Musique/Opéra/Philosophie

Choisir la musique pour s’affranchir de la norme

« La jeunesse de Bacchus », William Bouguereau (1884, huile sur toile)

De la vie pulsionnelle

Lorsque l’on parle d’émancipation, les vecteurs invoqués ne sont jamais que des artefacts sociétaux qu’on a pris l’habitude de prendre en référence. La famille, la parentalité, la vie professionnelle sont autant de causes entendues comme étant une norme extatique, une sorte de ligne d’arrivée où les prétendants à la vie réussie se pressent en masse en levant les bras de bonheur.

Mais les arts en général et la musique en particulier ne sont interprétés que dans une mesure émancipatrice moindre, relégués qu’ils sont au rang de gadgets pour une élite que la doxa se plait à stigmatiser comme étant celle toujours soucieuse de se démarquer de la norme à satisfaire.
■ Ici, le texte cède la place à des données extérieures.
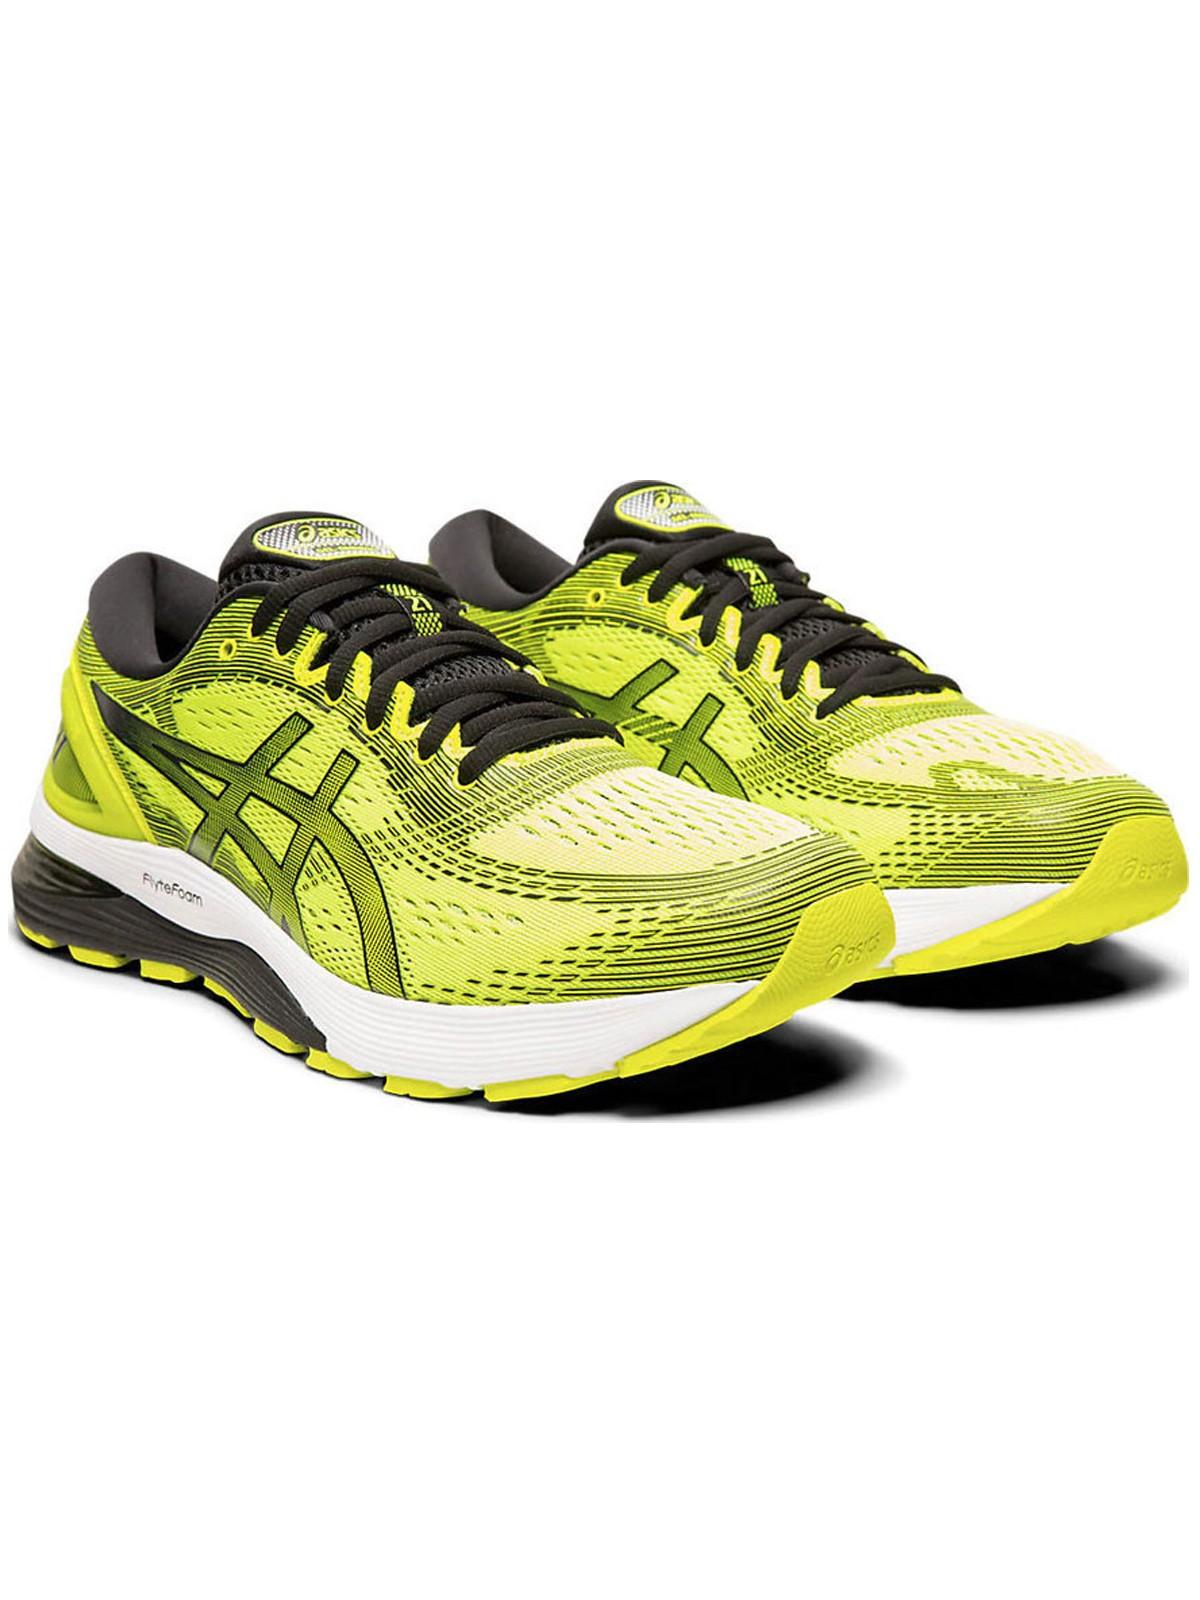 Running Asics Scarpe Running Gel Nimbus 21 Giallo Uomo 1011A169750

Parce que la culture artistique a toujours bénéficié d’une méfiance singulière de la part de l’opinion populaire et des sectateurs de la norme, elle doit sans cesse faire valoir son droit à l’existence et argumenter encore et encore pour qu’elle n’oublie pas elle-même ce droit, au risque d’un effondrement de la nature humaine. La doxa a méprisé trop facilement ce que la culture convoque et l’endroit d’où elle vient. Elle a effacé de sa conscience le fait que les arts sont nés avant elle, qu’ils ont été personnifiés, adulés bien avant que l’on évoque le moindre courant de pensée à la mode. Les arts sont des outils primordiaux dans l’éducation de l’individu, tout comme les dieux de même attribut. Et cette primordialité n’existe pas par hasard. Il n’y a aucune coïncidence à avoir trouvé des fresques sur les murs des cavernes ou des os troués artificiellement desquels est née l’idée d’une flute comme d’un instrument. Il y avait déjà en ces temps quelque chose à démontrer.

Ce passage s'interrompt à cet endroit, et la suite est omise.